> **Dataset records**:
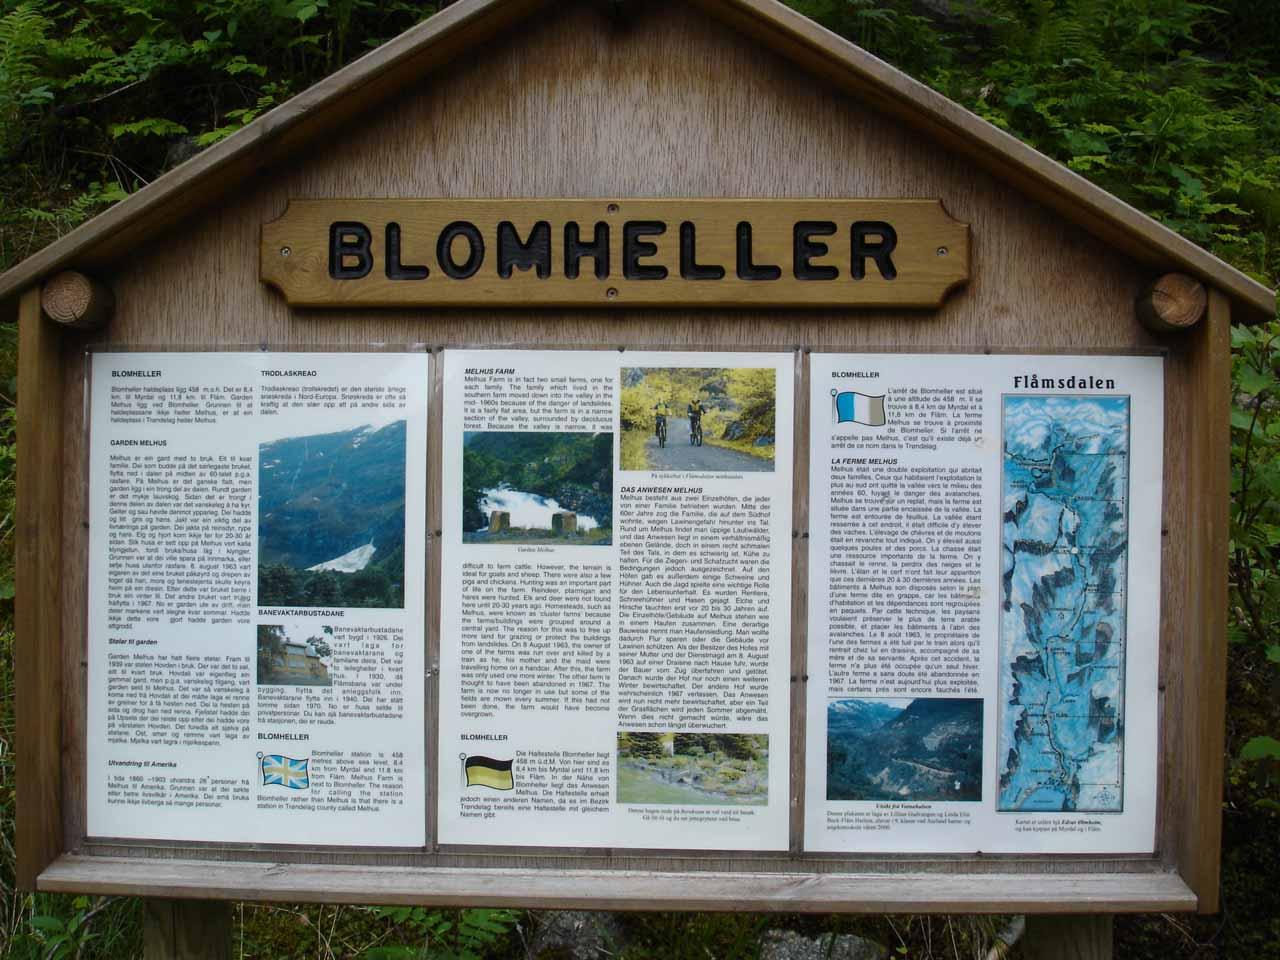 Interpretive sign at the Blomheller Station
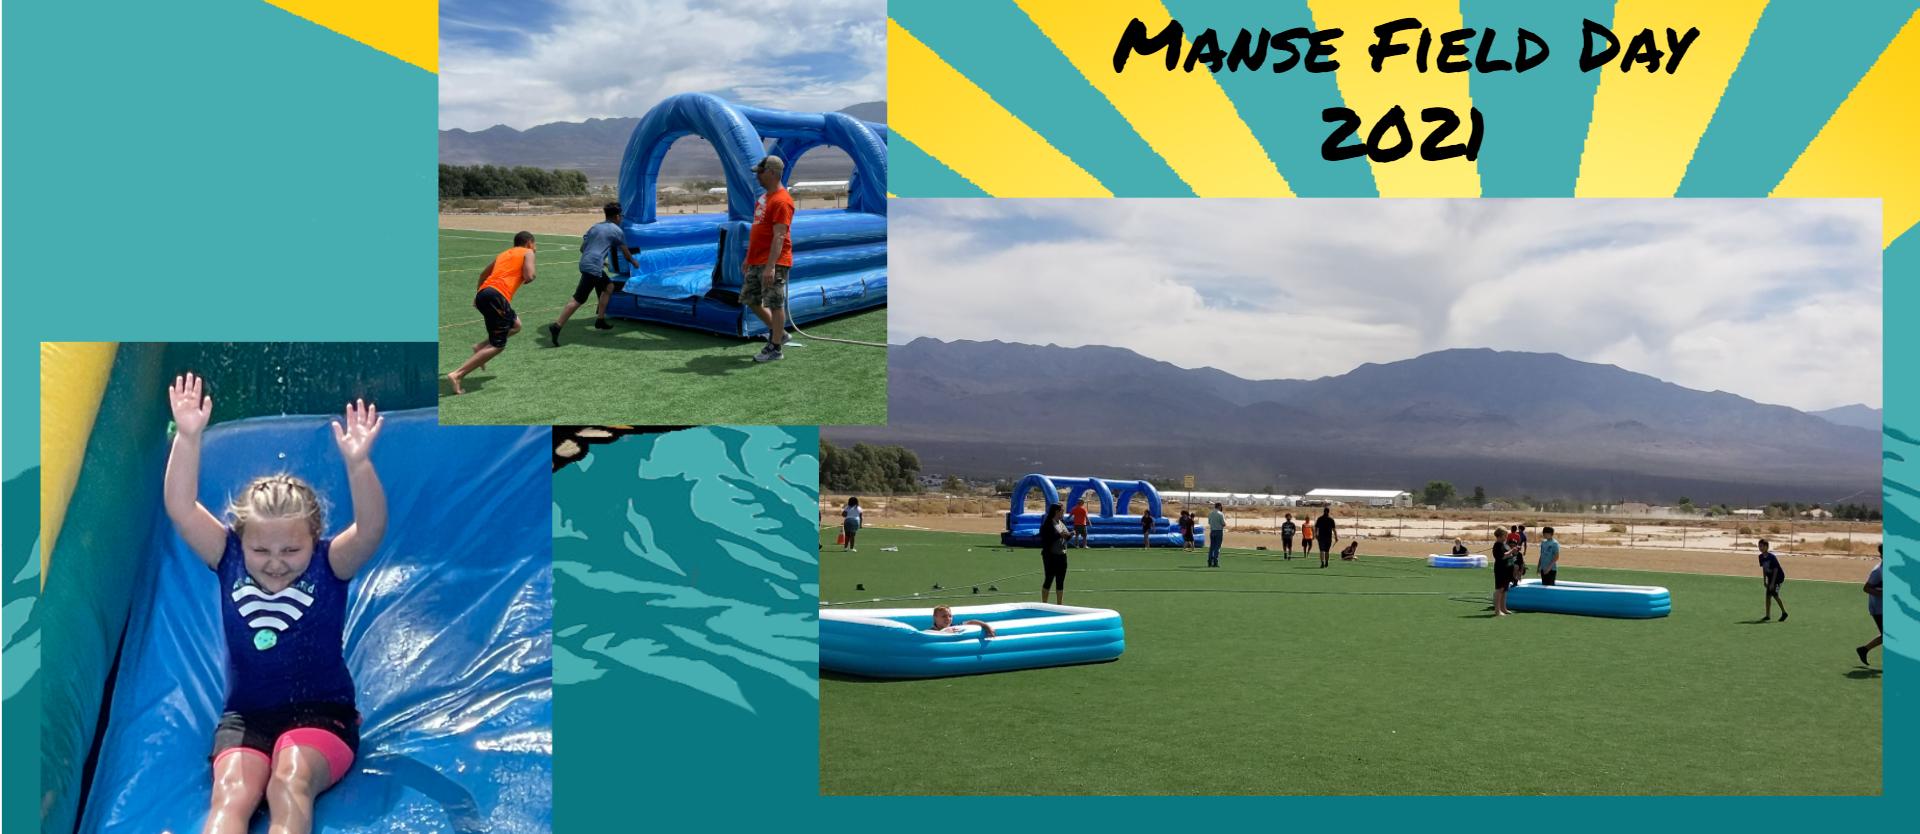 Manse Field Day
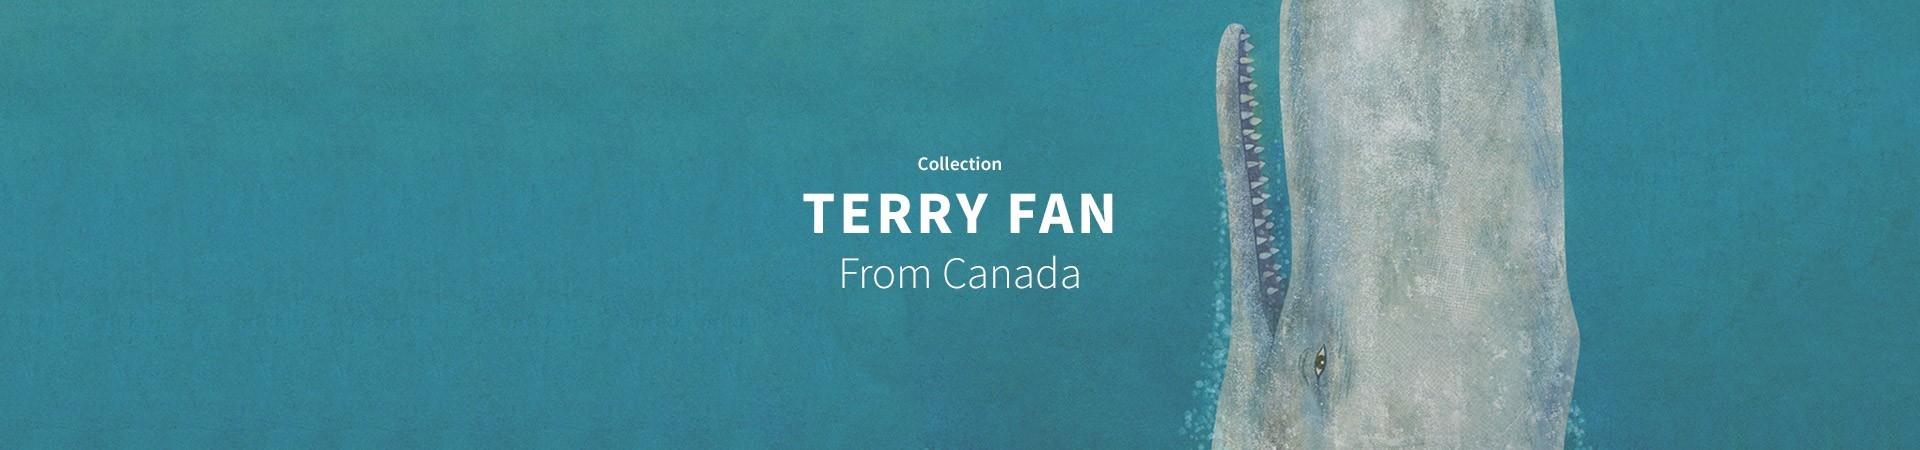 Terry Fan
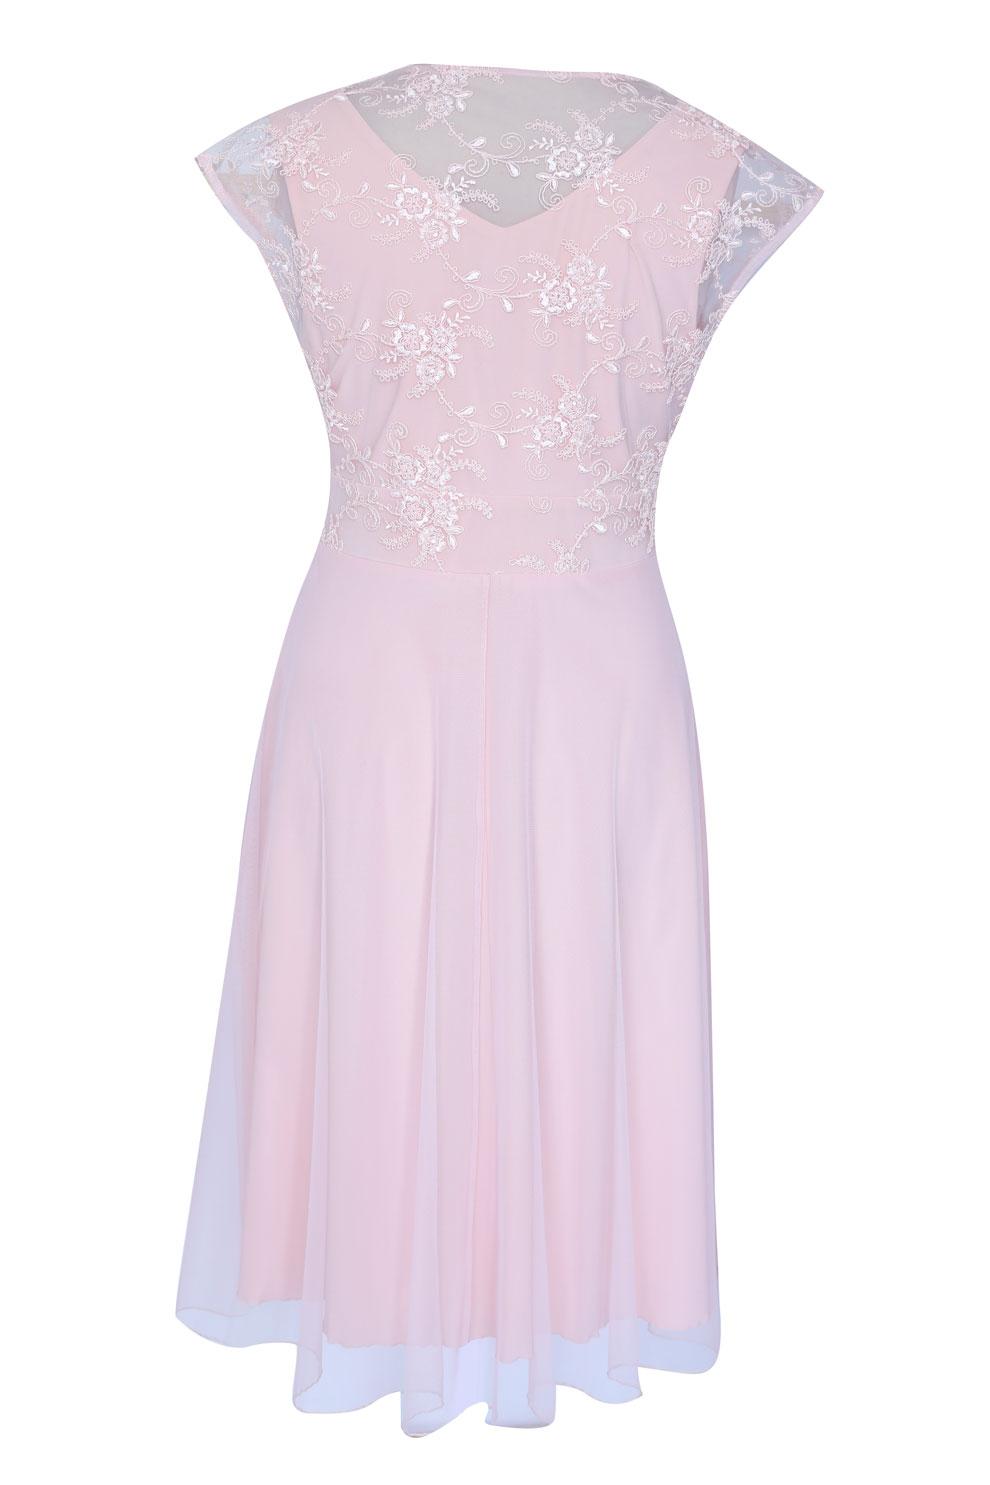 53c99004d4 Pudrowa wieczorowa sukienka z koronką LUCILLE XL-ka
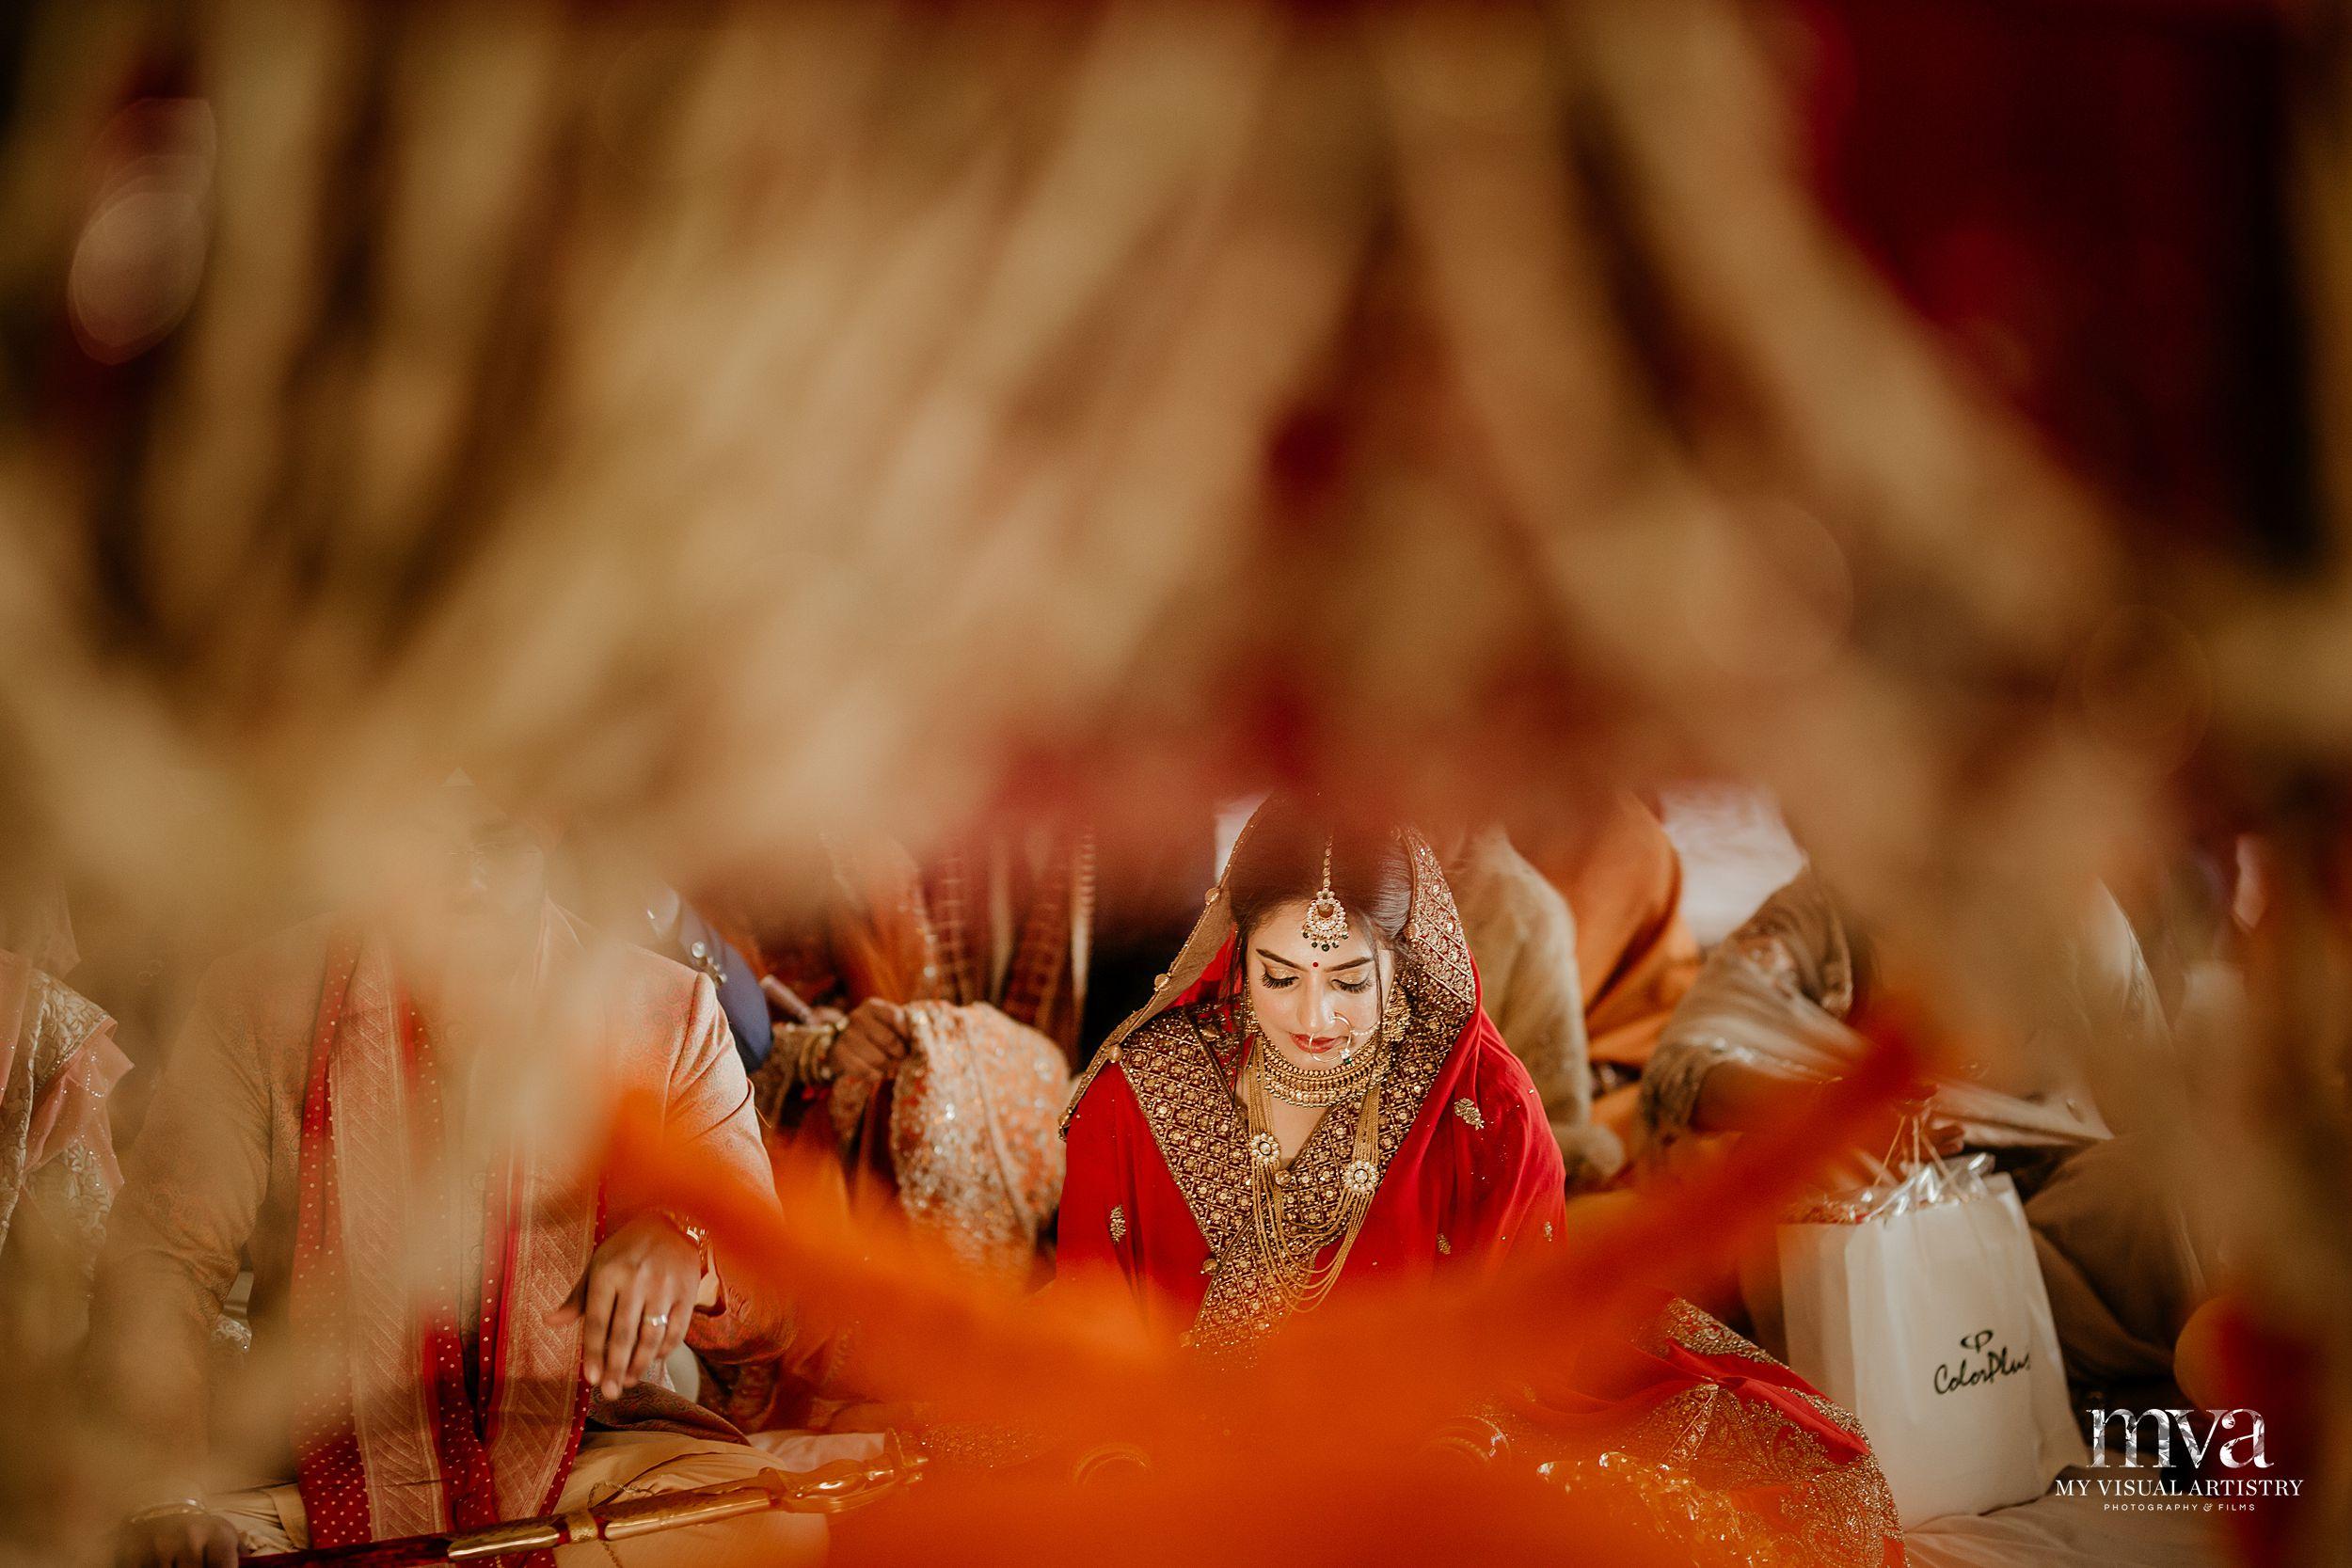 anant_arundhati_myvisualartistry_mva_wedding_sikh_ - 331.jpg

> **Assignment**:
All lines above are to be restated word for word, with pictures excluded.

> **Solution**:
 Interpretive sign at the Blomheller Station
 Manse Field Day
 Terry Fan
 53c99004d4 Pudrowa wieczorowa sukienka z koronką LUCILLE XL-ka
 anant_arundhati_myvisualartistry_mva_wedding_sikh_ - 331.jpg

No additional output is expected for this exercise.